Turmoil In Pakistan May End Up In Military Take Over!

All was not well inside Pakistan and that the all powerful military headed by General Asim Munir may have been thinking big for Pakistan

N.P. Upadhyaya (Aryal)
Read Time = 4 mins

Pakistan’s former Prime Minister Imran Khan while talking to Bruno Macaes for the “New Statesman” dated 23 May, 2023 says in no uncertain terms that “he was afraid that his country, Pakistan is headed towards martial law”.Khan has further warned that the spiraling political crisis in Pakistan could end as a brutal military dictatorship”. If Khan’s political outbursts could be taken as its face value then what is clear is that “all was not well inside Pakistan and that the all powerful military headed by General Asim Munir may have been thinking big for Pakistan.

Let’s recall General Yaahya Khan, Zia-ul-Haq, and Miyan Pervez Mussarraf to name a few military Generals who ruled Pakistan at different intervals of history.

Military takeover is not a surprising phenomenon for Pakistan if one were to look at its history beginning the grand partition as back as in 1947.The Pakistani population is used to this almost a customary occurrence, I guess.

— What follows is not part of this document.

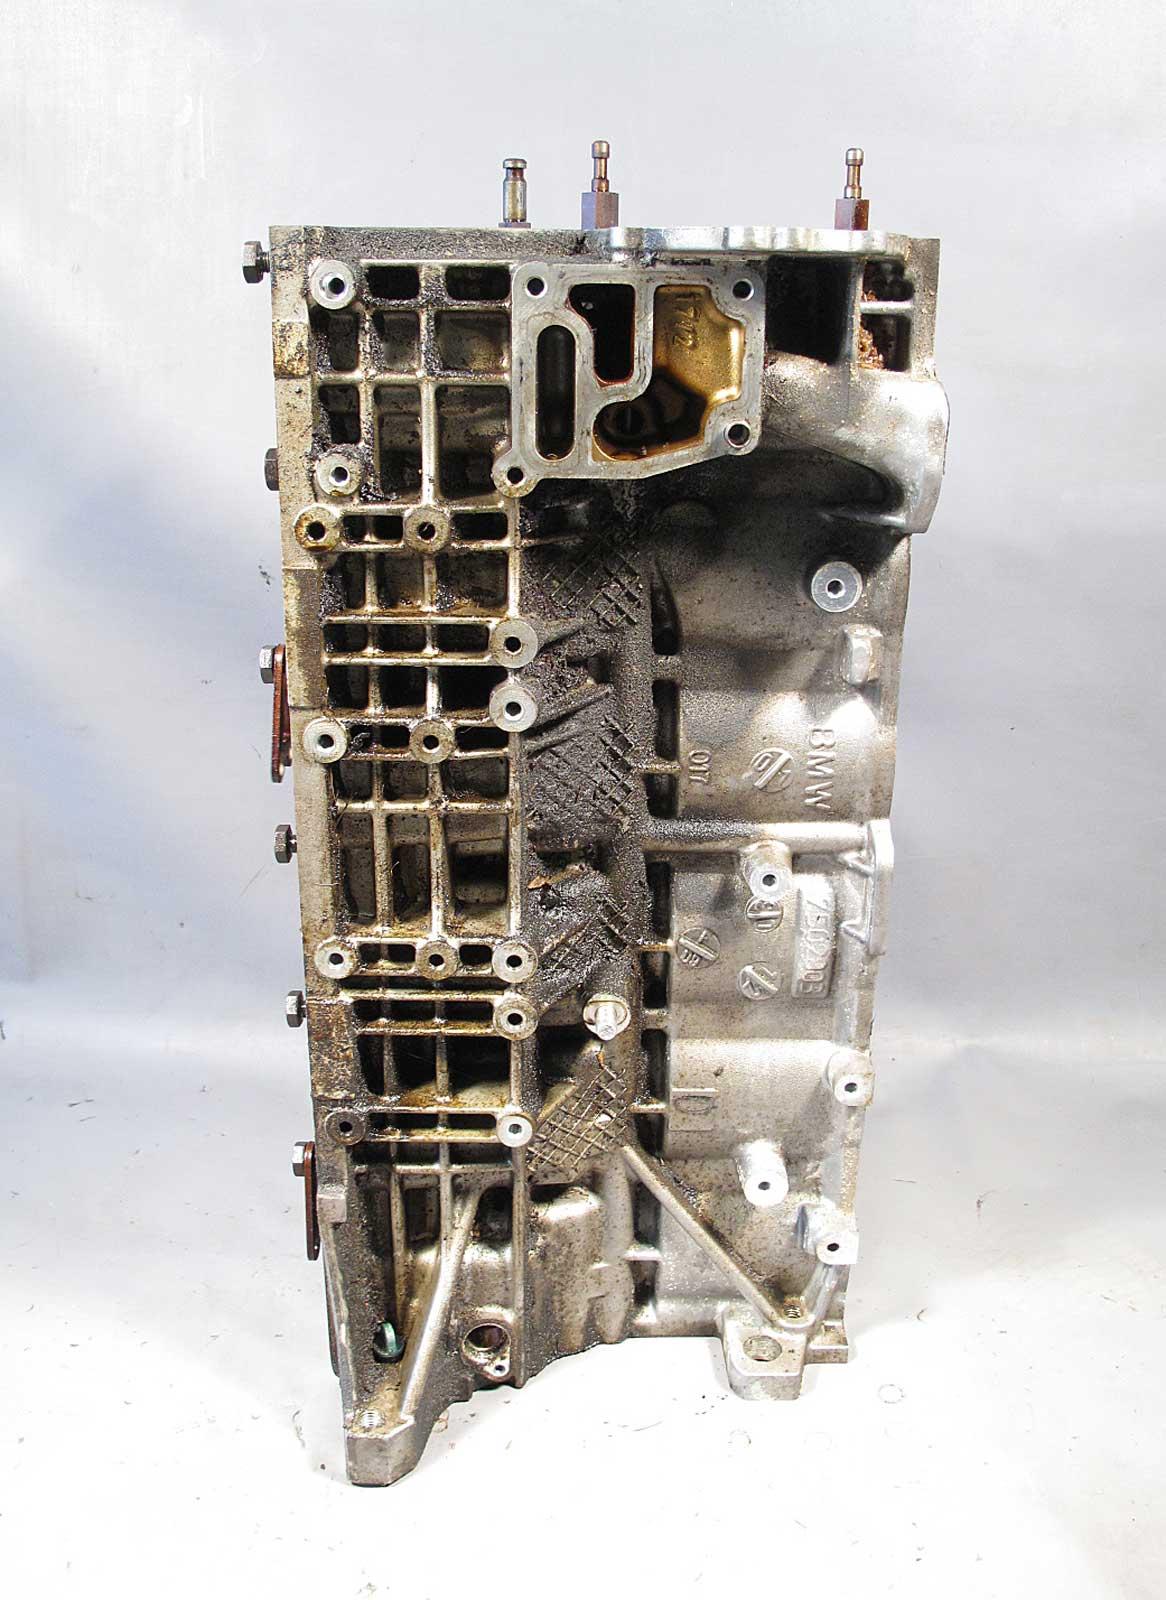 bmw m54 6 cylinder 3 0l engine cylinder block housing bare. Black Bedroom Furniture Sets. Home Design Ideas

The same Pakistan Tehreek-e-Insaaf party chairman Imran Khan while, let’s recall, talking to Al Jazeera on May 21, 2023 had said that he does not have a problem with the country’s army chief but accused the Chief of the Army Staff of trying to stop him from returning to power.

Military takeover is not a surprising phenomenon for Pakistan if one were to look at its history beginning the grand partition as back as in 1947.The Pakistani population is used to this almost a customary occurrence, I guess.

Look how he describes his tongue-tied friendship with COAS Asim Munir in his own words, “I have no problem with him, but he seems to have a problem with me”. This explains in a candid manner as to how the two dignitaries take each other. The one obviously is a political dignitary and the other is a powerful military in Uniform. However, it is just a one sided story as Army Chief has not made any direct comments against former PM Imran Khan.

But yet in an oblique manner the Army Chief has warned those who created mayhem and damaged billions and billions worth of properties including military installations on May 09, 2023 shall not be spared and that the miscreants will be brought to justice.

In the meanwhile, the British newspaper, the Guardian has published its views on the current political upheaval in Pakistan that began right on May 9, 2023.

The Guardian, May 21, 2023, writes, and we quote as it is , “The standoff between Imran Khan, Pakistan’s former Prime Minister, and the country’s military is yet another sign that the political system created by the army is inherently unstable. Since independence, Pakistan’s generals have become ever more involved in running the country-and the civilian leaders ever more dependent on their backing. None of the nation’s 31 PM’s has completed a full five year tenure. Politicians survive in office only if they do as they are told”.

If one were to believe the tough views expressed by the Guardian then what becomes clear is that the Pakistani Army has a greater say in running the entire nation.

And it is so and it could be so, that to protect the Islamic state, the institution of the Army has to control the state or intervene in an indirect manner so that the nation-state remains safe and sound from the internal and the external threats that are there since the partition days, as seen by Nepali observers.

Having said all these, the Guardian continues saying that “trying to regain power against the army’s wishes is a dangerous business. Mr. Khan is pushing ahead regardless. The standoff between the Army and Mr. Khan and his party has broadened into a wider conflict. What is emerging is a confrontation between two distinct political groups. Pitted against a section of the judiciary and Mr. Khan are, it seems, the Army generals and the parties they endorse. Unless resolved, the contest will paralyze the country. Even China, Pakistan’s close ally, is publicly calling for its chaotic politics to be resolved”.

We wish to conclude this write up with what Ayesha Siddiqa who is a senior fellow with the department of war studies of King’s College London and was previously the director for the Pakistan Navy writes in the Nikkei Asia, May 21, 2013, that Imran Khan can’t win back power by targeting Pakistan’s military”. She writes that “Imran Khan may have believed that he could exploit dissatisfaction and internal differences within the army to his political advantage. Some top generals may be unhappy with General Munir, but scenes of public disrespect towards the military and attacks on military symbols had the effect of reminding them that they would be better off sticking with their chief”. She writes that “there are also signs that the army chief intends to try the PTI leadership in military courts using the 1952 Army act.

This does then mean that neighboring Pakistan has been engaged in a showdown between General Asim Munir , the chief of the Army Staff and Imran Khan-the cricket star and the former Prime Minister of Pakistan.

This war of “ego” may be costly for Pakistan.

In the end, let’s hope that peace prevails in Pakistan and the regional political stability is maintained.